Most performers and I think many in the non-performing world already know that there can be huge difference between seeing something on television and seeing it in person . Nowhere is this more true then in the world of magic. Case in point, when I teach a magic workshop I ask the children how many of them have seen a magician perform on television or in person. When I ask which is better, 99 percent of the time they will tell me magic is better in person. This is particularly true in the field of escapes. The tradition of escaping from strait jackets was well established in 1976. My exposure to the strait jacket escape was limited to magicians appearing on TV. While I loved watching magic on The Ed Sullivan Show I was frankly unimpressed with the strait jacket escape.
This brings me back to the evening of April 24th, 1976. Sam Kent from The Foan Family Circus and The Wizard Magic Shop was the director of An Evening of Magic presented by the Mile High Magicians Society. I remember that it was a terrific show. The one thing I remember most was the upside down strait jacket escape. The Incredible Lamont strolled confidently out onto the stage jacket in hand. After the jacket was examined, 2 assistants secured Lamont strapping it tightly about him. The stage at Englewood High School had a fly system for hoisting scenery into the ceiling area. Lamont and Sam used this to great effect. A batten (horizontal scenery pipe) was lowered to the stage and Lamont’s ankles fastened securely. The batten was then flown out lifting Lamont upside down his head far above the wooden stage below. Cue dramatic music as Lamont flailed wildly about. Then it happened, the magic moment, I found myself straining forward sympathetically struggling with Lamont. Not only that but I noticed everyone around me was doing the same thing. One could cut the tension with a knife. When the jacket dropped to the ground and Lamont took his upside down bow the theater erupted with wild applause. I was hooked.
Lamont Ream has been a good friend for over 40 years. He has a passion for magic, escapes, melodrama and bad jokes. Lamont and I became buddies during the years he worked at The Wizard Magic Shop. We hung out all the time. We shared magic secrets, although this was somewhat one sided as Lamont was far more knowledgeable then I was. Nonetheless we were pals. Lamont introduced me to the Double Eagle Steak House and their enormous breakfast and I was with Lamont when he met the girl who would become his second wife.
Lamont was probably a little distressed when I asked about how I could get a strait jacket. I know my own knee jerk reaction today is, “No way this is my money trick!” But if he was distressed he never let on.
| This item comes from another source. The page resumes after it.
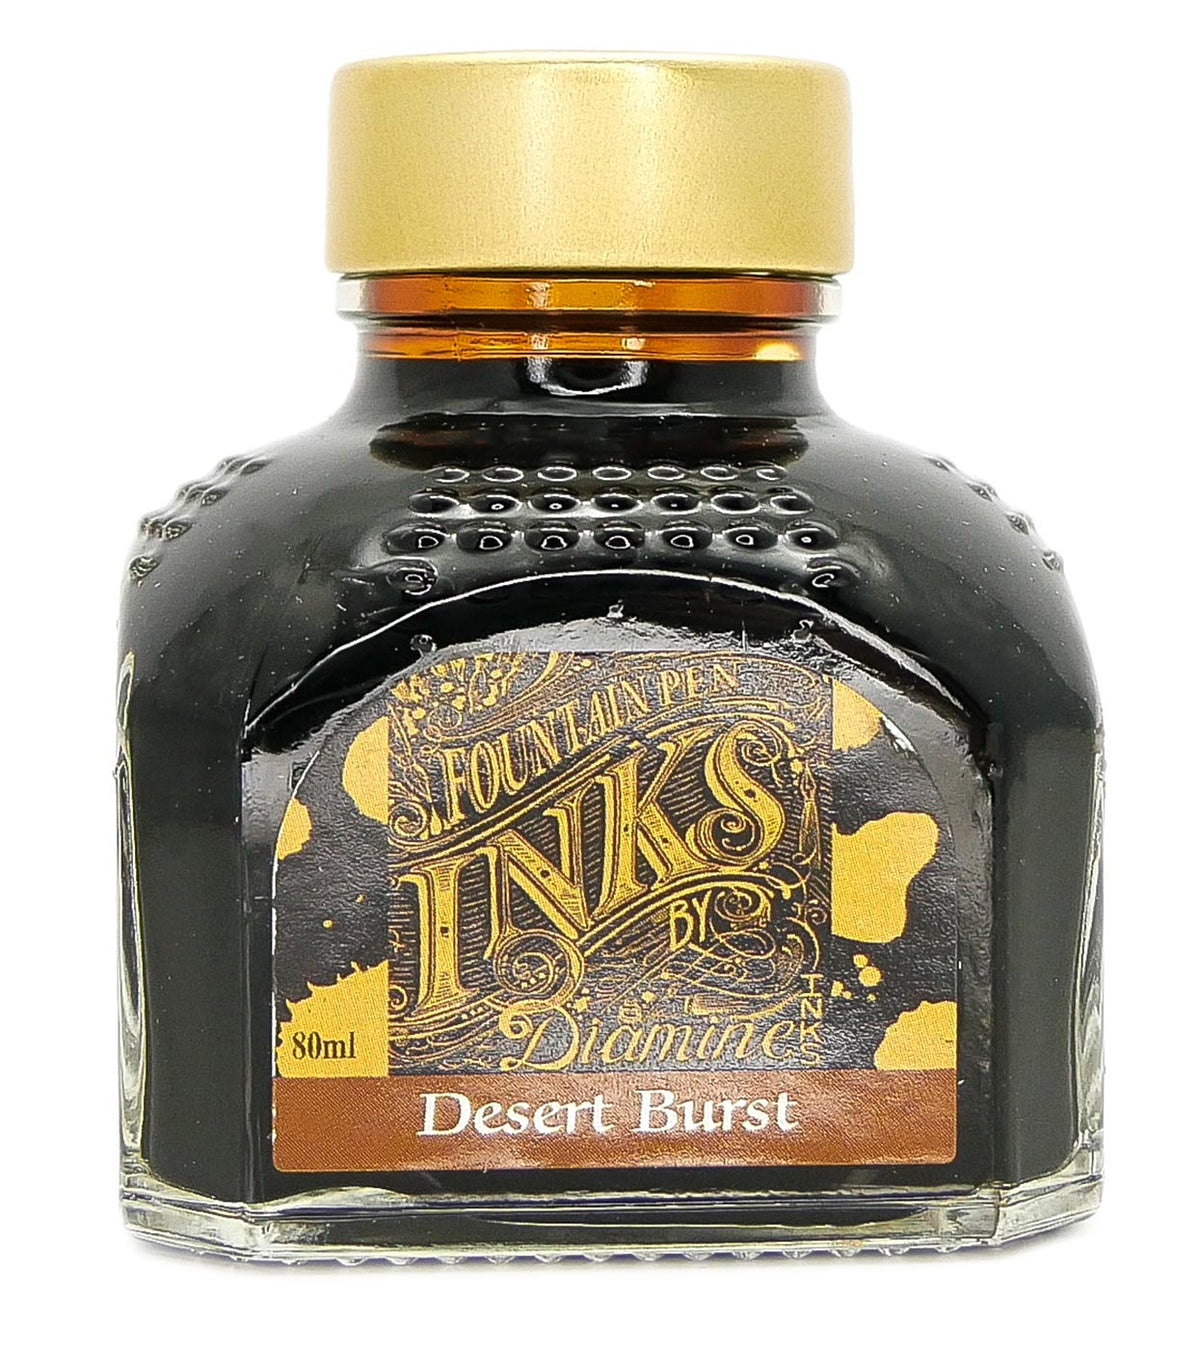 Diamine Desert Burst is a medium warm brown fountain pen ink available in a 90ml glass bottle.

Lamont had already helped me with a college research paper by recommending an assortment of books dealing with Harry Houdini. Because of this I had some knowledge of the methodology behind this and other escapes.
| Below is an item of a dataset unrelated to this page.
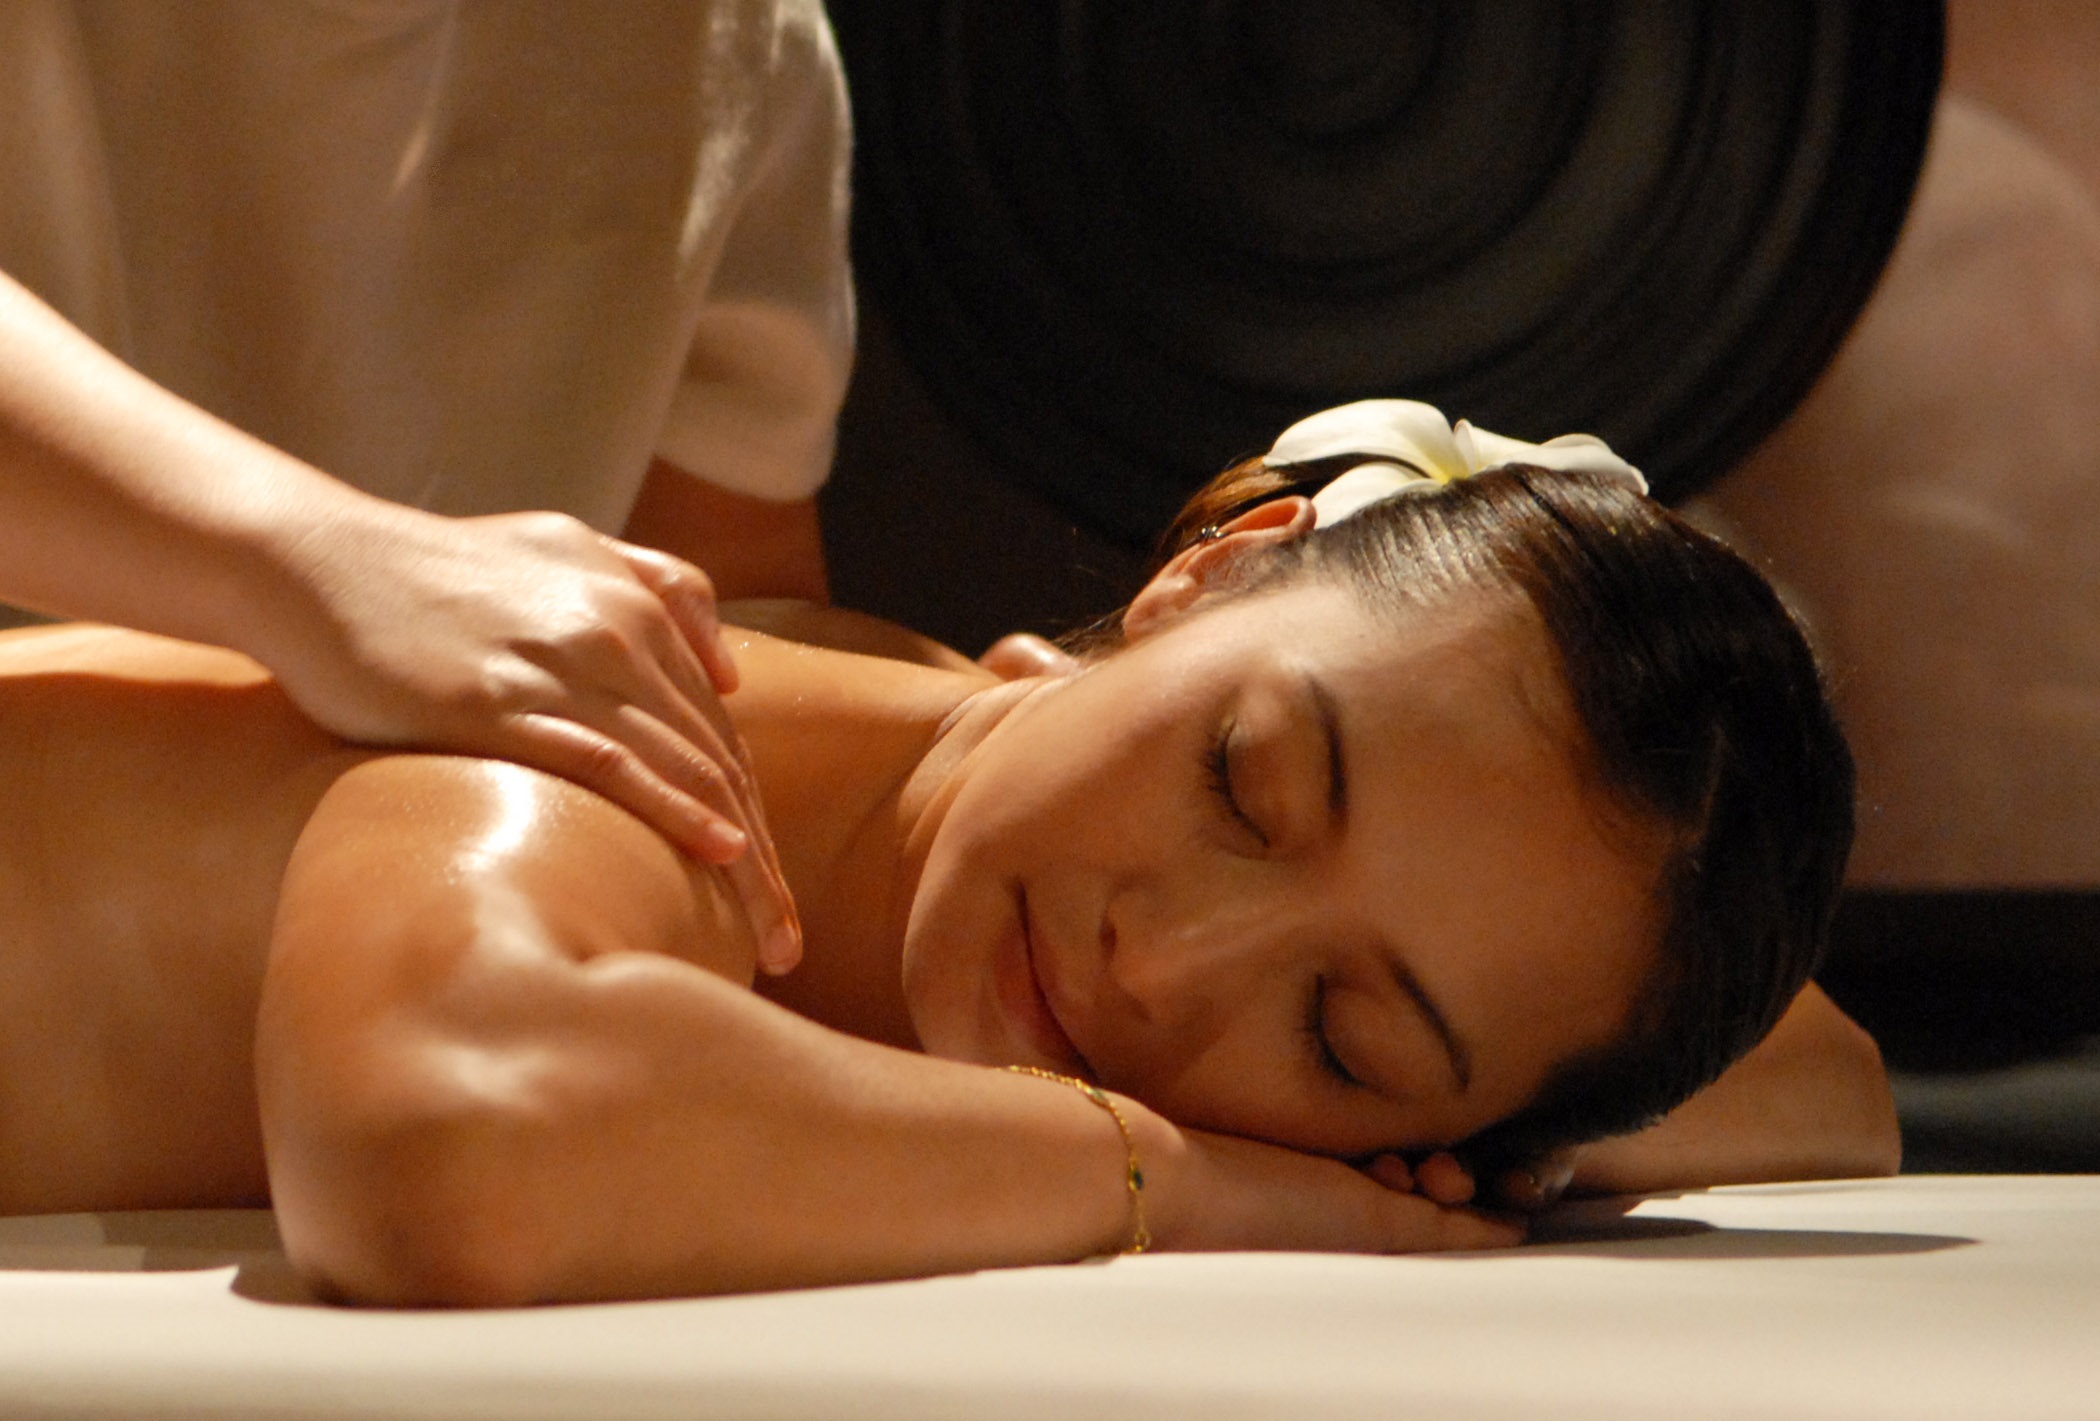 dinesh bellamkonda recommends body slide massage videos pic

My first escape came from a booklet I purchased at The Wizard on the 100 foot rope tie. Soon after I added this to my show. To add drama I offered a challenge. While tying me up with the rope assistants from the audience would be timed. If I failed to escape in less time then the tying I would forfeit my check for the show. I performed it so that the audience could see the escape, mimicking the strait jacket. there was a problem. Once my hand was free much of the drama went away as people could clearly see my progress. Some unremembered genius suggested that I hide from view to increase the tension. I remembered Houdini’s Handcuff cabinet where the audience could witness his struggle but his progress remained a secret. My solution was a black 6 foot canvas bag that could be placed over my head. Instead of an opening in the top a screen was sewn into the front so that my face could be seen. Now I could struggle up to the last moment when triumphantly I would throw off the bag. It served me well.
The strait jacket still held me under its spell. It was an obsession. Visiting Lamont at his place in north Boulder I asked If I could try the jacket. It was a hot summer day. Lamont secured the jacket securely. If I was going to escape I would have to earn it! For 90 minutes I flailed around marveling at how difficult it really was. With no air conditioning I was sweating profusely. Finally I freed myself and Lamont, genuinely pleased offered me a beer. Knowing that I was serious enough to have learned the basics Lamont soon after told me where I could get my first strait jacket.
A few months later when I finally had the jacket in hand Lamont pulled me aside and said, “Oh Dave, by the way there are a few things that I didn’t tell you.” He then proceeded to share a secret that I too have protected. A secret that I have never read in print. I realized that I had passed the test, before he gave up the secrets to his beloved escape Lamont wanted to know that I was serious.
Over the years my approach to the strait jacket escape has changed radically. But the escape itself has remained an important part of my show. I even performed the escape upside down. Upside down came to a stop when I was dropped on my head. But That is another story…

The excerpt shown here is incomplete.